# KRISS pistol review



## Jed Henson (Sep 28, 2010)

Put up Paul Markel's review of the KRISS Vector SDP pistol today. Not sure what a practical use for it would be, but it looks/sounds pretty fun. Here's his range report:

"The Vector SDP pistol is essentially a citizen version of the sub-gun. It's large, to be sure, but the trade off is a handgun that holds 30 rounds of .45 ACP ammunition. Speaking of ammunition, all KRISS firearms are chambered in .45 ACP and can be fed with a standard Glock 21 13-round magazines, or the KRISS-modified 30-round versions. Why Glock magazines? Simple: They're reliable, readily available and relatively inexpensive to manufacture compared to other all-steel stick magazines.

This gun is built on a black polymer frame. The steel pieces feature a parkerized finish.

The Vector SDP's outward appearance is certainly unique. The pistol grip is separate from the magazine well, which is located in front of the trigger guard and Super V action. A large/wide ejection port is located up front on the right side of the frame. An ambidextrous safety lever is located above the trigger, and the magazine release button is recessed into the frame on the left of the gun.

Because there's no slide to operate, the Vector SDP employs a charging handle located on the left sight of the frame along the barrel axis. The handle doesn't reciprocate and folds down against the side of the gun when not in use.

KRISS has installed M1913 picatinny rails atop and underneath the barrel. Each Vector SDP ships with flip-up/fold-down, fully adjustable iron sights. The end user can install any optic they desire, of course. For this review I installed an Insight Technology MRDS. The bottom rail would be a logical place to install a white light or light/laser combination.

The Vector SDP features a 5.5″ barrel that comes with a threaded muzzle. The semiauto Super V action is technically a delayed-blowback. When empty, the Vector SDP weighs 5.8 lbs., and it measures 16.75″ long overall.

At the butt end of the pistol, in lieu of a stock, KRISS has installed a single-point sling attachment. A black nylon single-point sling comes with each pistol package.

Although it looks futuristic, the Vector pistol is a marvel of engineering simplicity. The pistol's body is actually a two-piece design, and you can disassemble it without tools by simply removing four pins. The Super V action breaks down into only two basic components for cleaning and lubrication, and you can't reassemble the gun incorrectly. If you inadvertently insert the bolt backward, the gun won't go back together.

Range Time
Semiauto firearms can be finicky eaters, so to test the Vector SDP's appetite I took along several different .45 ACP loads for my range sessions.

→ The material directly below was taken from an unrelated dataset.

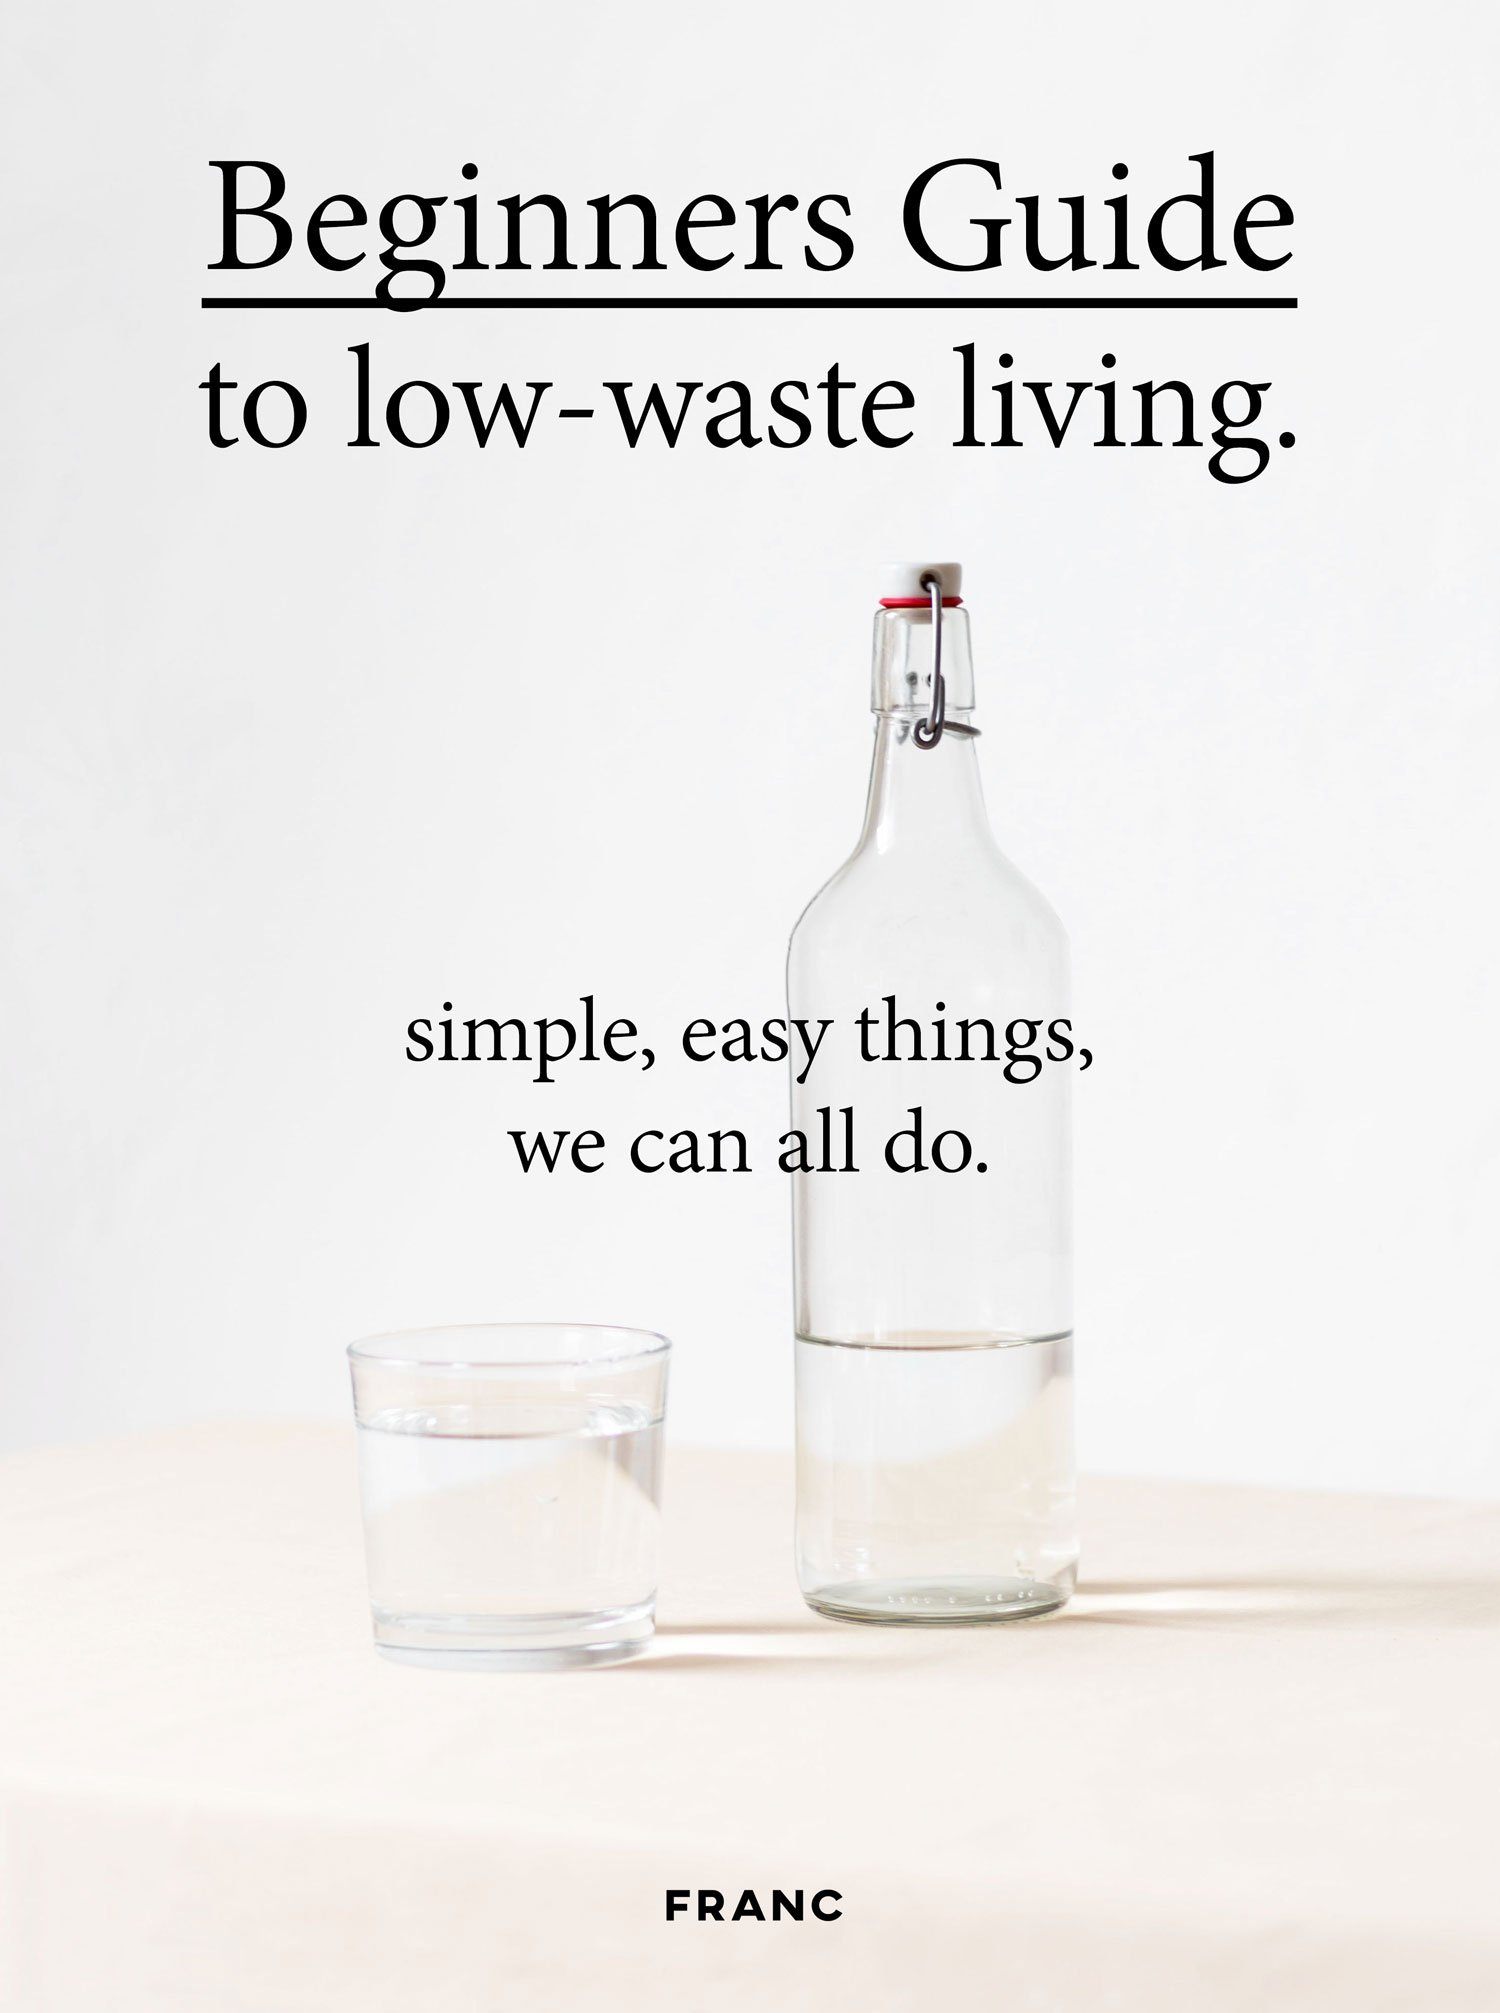 Beginners Guide: To Low Waste-Living - FRANC

Ammunition included FMJ practice loads from Black Hills, controlled-expansion loads from Double Tap and Winchester, and a specialty frangible load from International Cartridge Corporation.

In steps one and two I chronographed each load, and then I benched the gun for accuracy testing. The results:

Black Hills 230-grain FMJ: 795 fps, .8″ group
Double Tap 185-grain JHP: 1,187 fps, 1.27″ group
I.C.C. 115-grain HP frangible: 1,142 fps, 1.53″ group
Winchester 230-grain PDX1: 981 fps, 1.15″ group
The average speeds were what I would expect from the each load fired through a 5.5″ barrel. The pleasant surprise came when I began to slowly put rounds on paper. As you can see, every load was able to cluster five rounds into groups below 2″ from 25 yards. The number one performer: the Black Hills load with a stellar .8″ group. The others weren't far behind. If would seem that the hefty weight, a fixed barrel and a good trigger all combined to make the pistol consistently accurate regardless of the ammunition fired through it.

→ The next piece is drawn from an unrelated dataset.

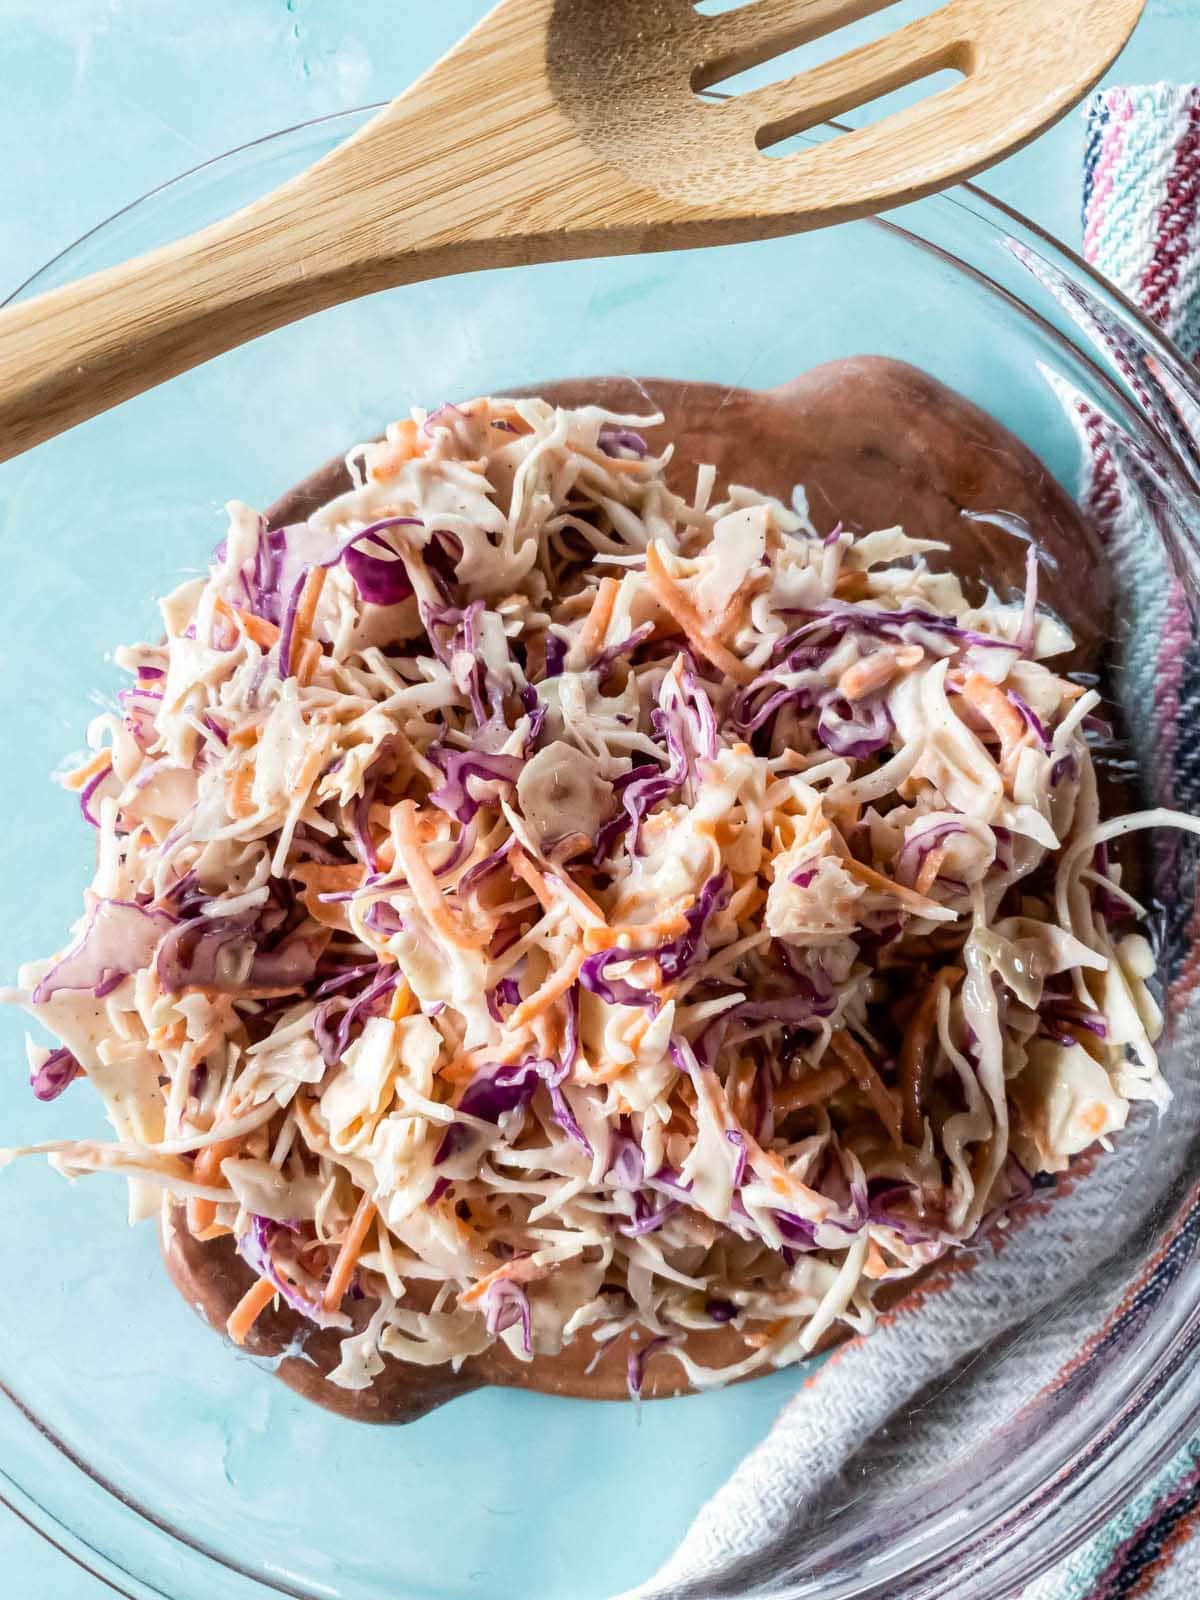 A picture of coleslaw mix tossed in creamy dressing, zoomed close.

I had co-witnessed the iron sights and the MRDS red-dot optic. However, for the follow-up shooting drills I folded the sights down and simply used the red dot. I conducted dynamic drills while moving forward, rearward and engaging multiple targets on cardboard and steel.

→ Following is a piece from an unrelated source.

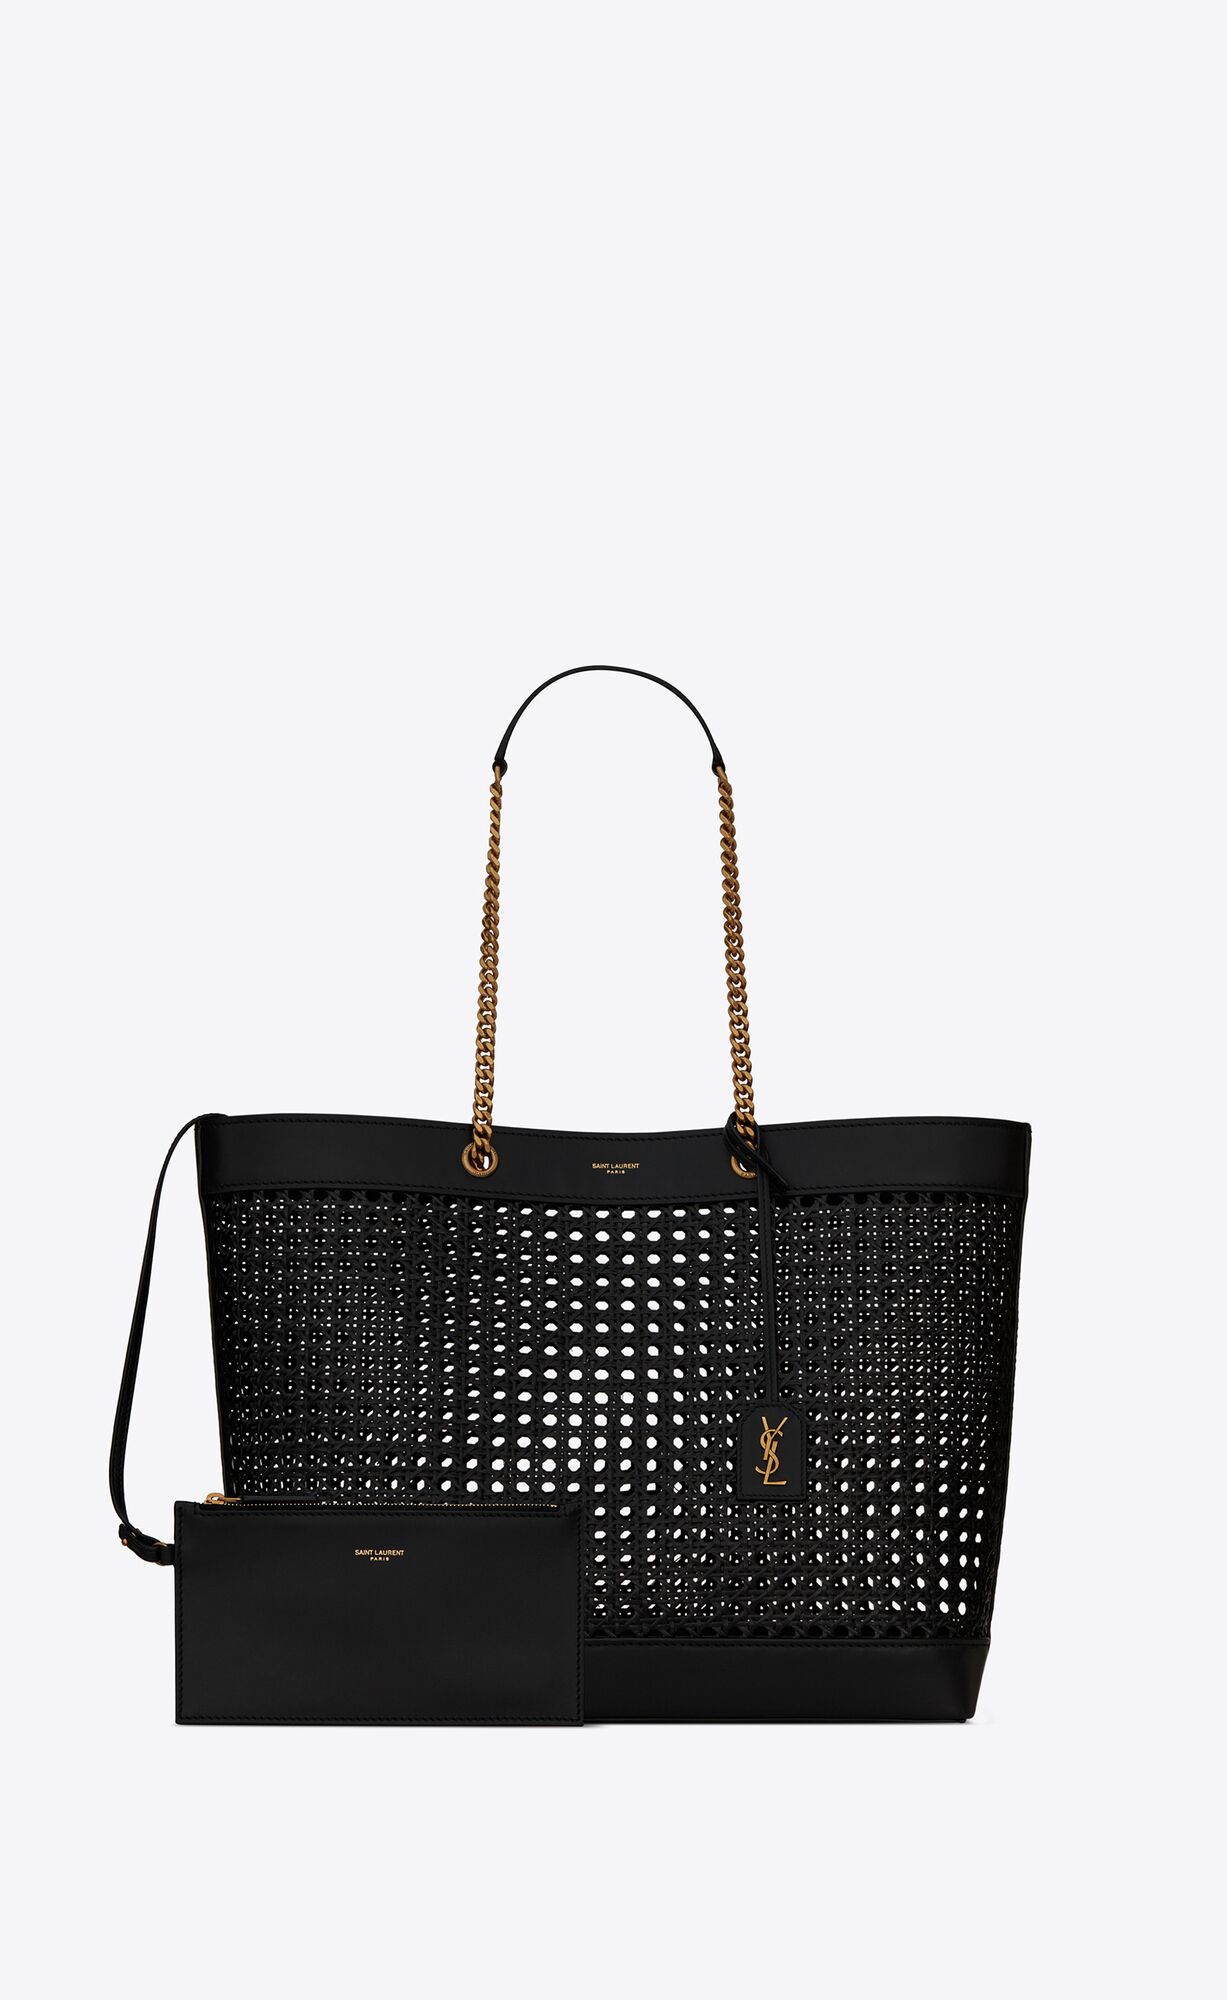 Saint laurent E/W shopping bag in woven cane and leather | Saint ...

While engaging the steel targets inside of 20 yards, I used the I.C.C. frangible ammunition exclusively. The compressed copper bullets turn to dust when they strike steel and targets can be engaged safely inside of 5 yards. I wouldn't try that with 230-grain ball ammunition because the jacket fragmentation spalls in all directions.

During the testing period I fired somewhere in the neighborhood of 400 rounds through the gun. All of the ammunition cycled reliably. Both the 13- and 30-round magazines fed the gun without issue.

Bottom line: As long as the shooter does their part, the gun will put the rounds on target."

Here's a photo of the Vector SDP:









Here's the link to the full handgun review.


----------



## Shipwreck (Jan 26, 2006)

That thing has tempted me a few times, and the carbine version.

AFter my experience with MSAR, though - I'm a bit hessitant to deal with a small company (that just makes 1 commercial gun) again.


----------